A few years ago, I read Kelly Link’s short story collection Get in Trouble. Despite generally liking short stories best when they’re kind of weird, I thought that collection was a little too weird. I can’t remember the details of those stories well enough now to compare them to the stories in her first collection, Stranger Things Happen. But I can say that I enjoyed this collection more. Maybe the stories are just a little less strange (and they’re very strange), or maybe I’ve changed enough as a reader or was just in the right mood to be able to just sit in the weirdness of these stories.

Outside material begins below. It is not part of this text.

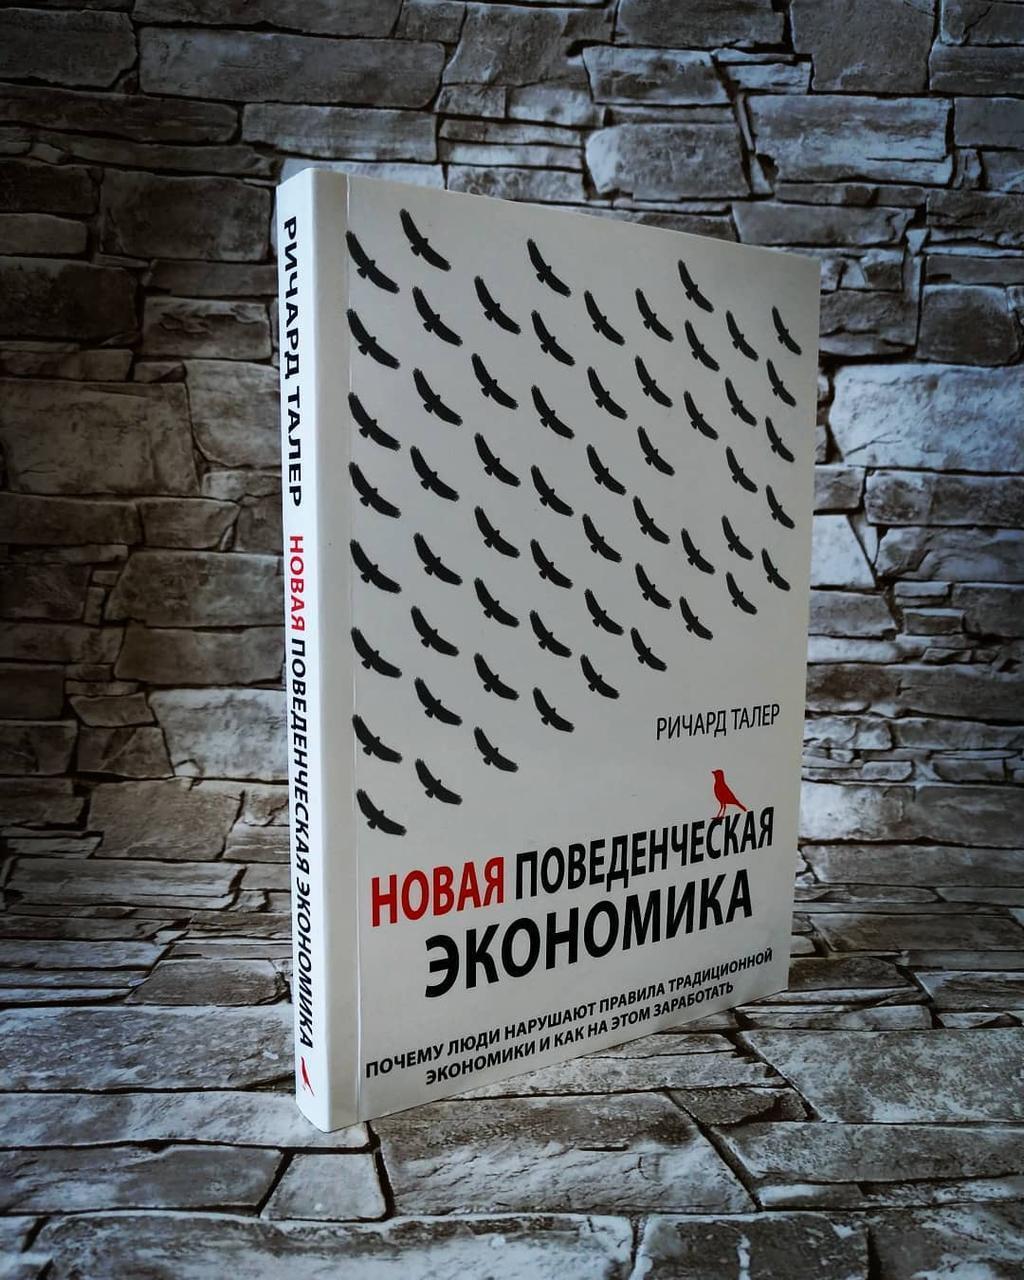 """Книга """"Новая поведенческая экономика. Почему люди нарушают правила традиционной экономики"""" Ричард Талер"""

Some of the stories involve hauntings. The first story, “Carnation Lily, Lily, Rose,” is a series of a man just past death, trying to hold on to the memory of the woman he loved. “The Specialist’s Hat” involves twin girls living in a historic home and telling creepy stories and playing games about death. And “Louise’s Ghost” has a woman trying to use music to get a ghost out of her house only to wish to be haunted after the fact.

Fairy tales and myth feature heavily in the stories. Some stories feel like fairy tales, as was the case with “Water Off a Black Dog’s Back,” in which a man falls in love with a woman whose father has no nose and whose mother is missing a leg — and both seem to have an odd connection with the family dogs. And “Flying to Hell” is the story of a woman who seems to have become embroiled with a family from Greek myth, living in the contemporary world. “Travels with the Snow Queen” is about exactly that, a journey on torn-up feet involving not just the Snow Queen but also Briar Rose, all to find a man who may not be worth the trip. And “Shoe and Marriage” offers and different, and darker ending to the Cinderella story.

I don’t necessarily know what these stories mean, but I liked immersing myself in the images and general mood of them. In some of them, I didn’t know what was real in the story world and what wasn’t, and I liked being kept just a little off-kilter. It’s a feeling that can sometimes wear thin for me in a novel, but it’s great in a story.